The Beneteau California 5.20 is a French trailerable sailboat that was designed by André Bénéteau as a fishing boat, day sailer and a pocket cruiser and first built in 1982.

==Production==
The design was built by Beneteau in France, from 1982 to 1988, but it is now out of production.

==Design==
The California 5.20 is a recreational keelboat, built predominantly of glassfibre, with wood trim. It has a fractional sloop masthead sloop rig, with a deck-stepped mast and aluminium spars with stainless steel wire standing rigging. The hull has a raked stem, a vertical transom, a transom-hung rudder controlled by a tiller and a fixed long keel or optional shoal draft keel. The company marketed it saying, "new yachting enthusiasts will discover a simple and economical boat that is suitable for all sailing programmes."

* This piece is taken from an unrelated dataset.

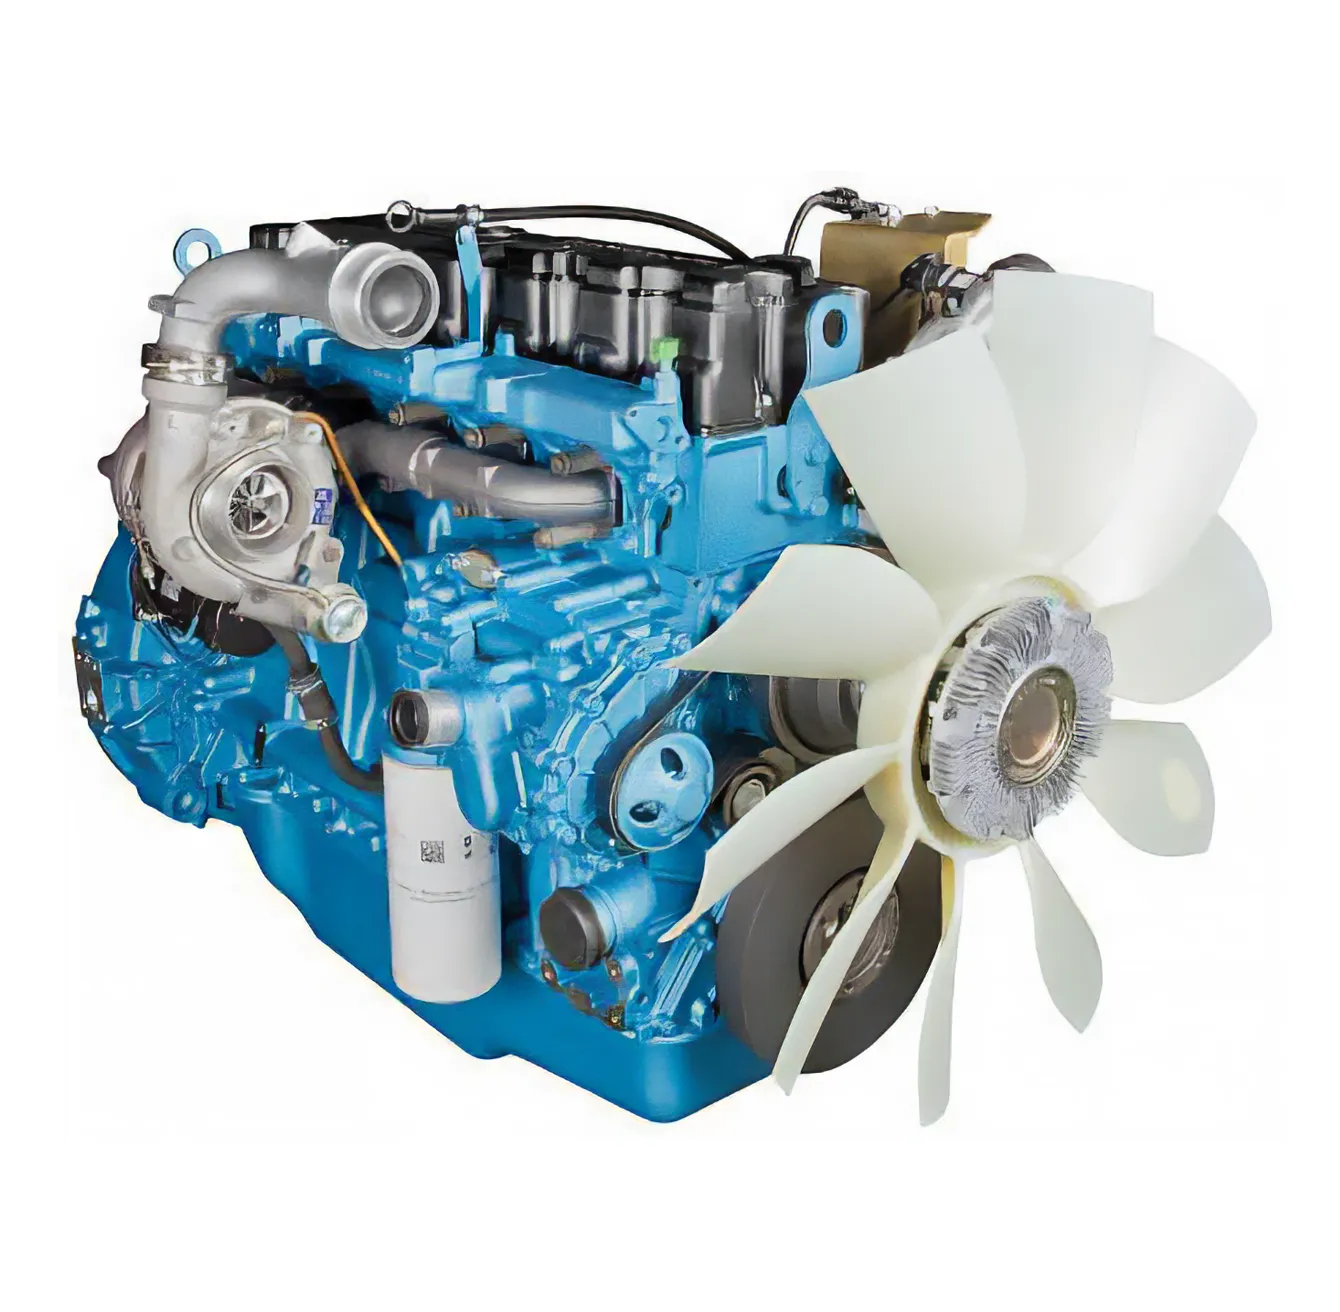 Мощный и экономичный двигатель ЯМЗ, 360 л. с
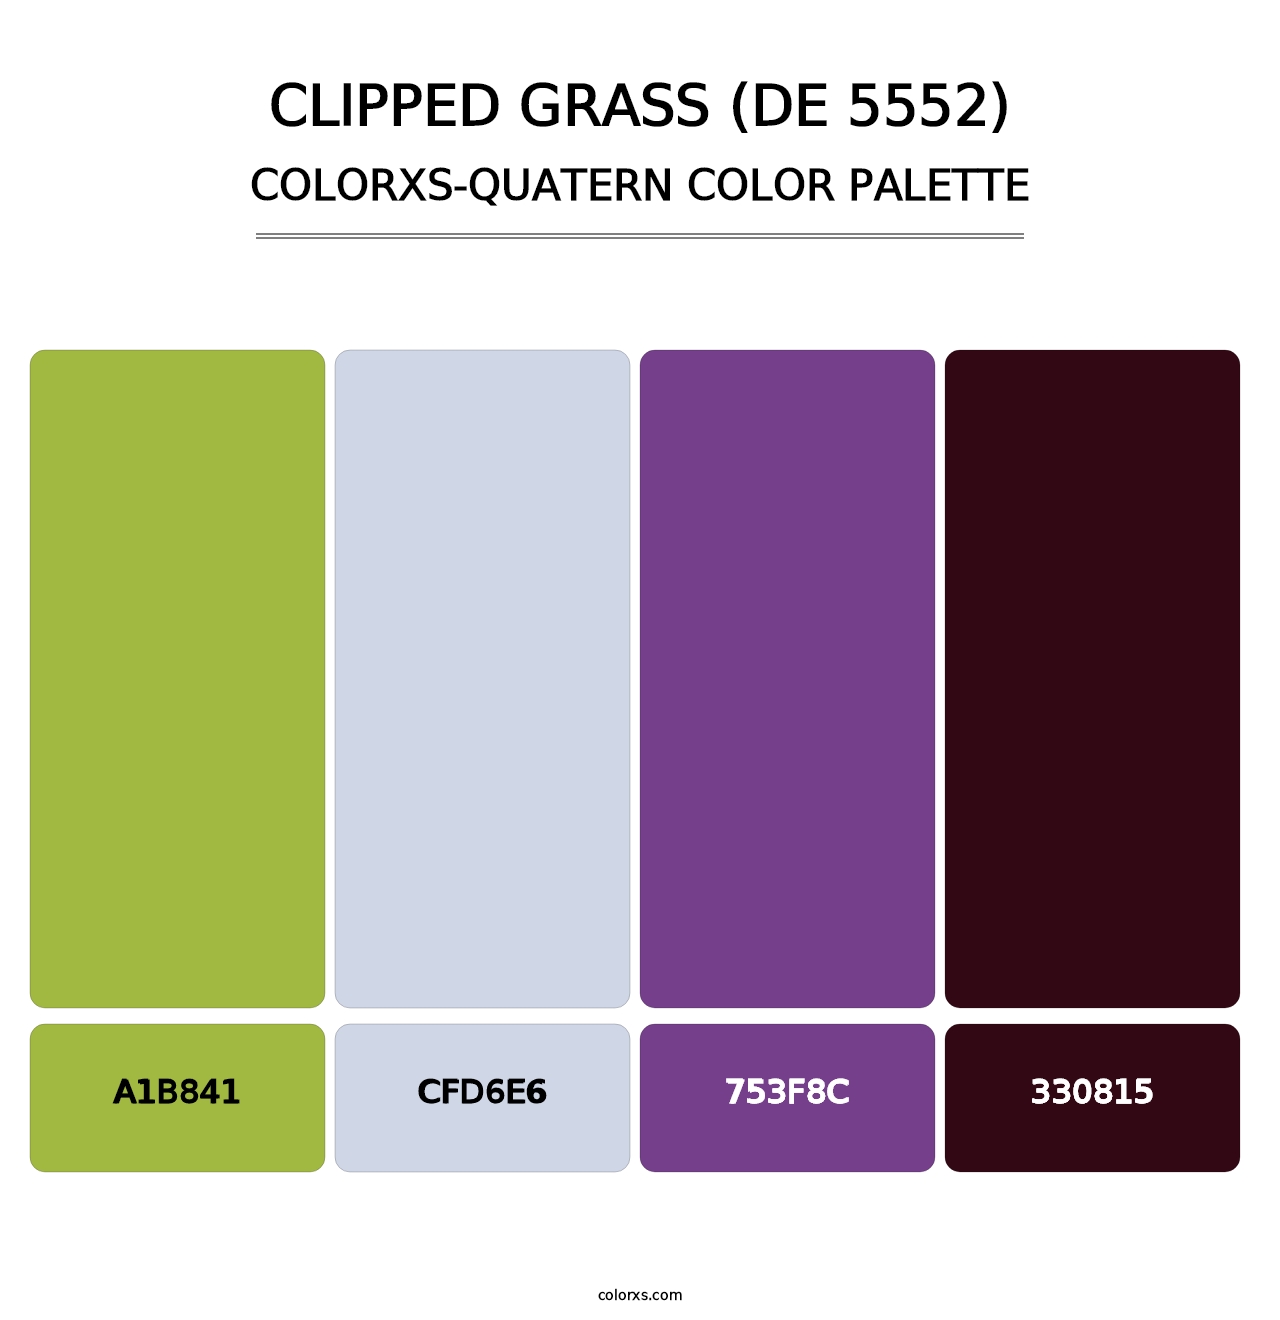 Clipped Grass (DE 5552) - Colorxs Quatern Palette

The boat has a draft of 2.13 ft with the standard keel and 1.31 ft with the optional shoal draft keel.

The boat is normally fitted with a small outboard motor with a maximum power output of 9.9 hp for docking and maneuvering. A 15 hp inboard diesel engine was a factory option.

The design has sleeping accommodation for two people, with a double "V"-berth in the cabin. It has a hull speed of 5.09 kn.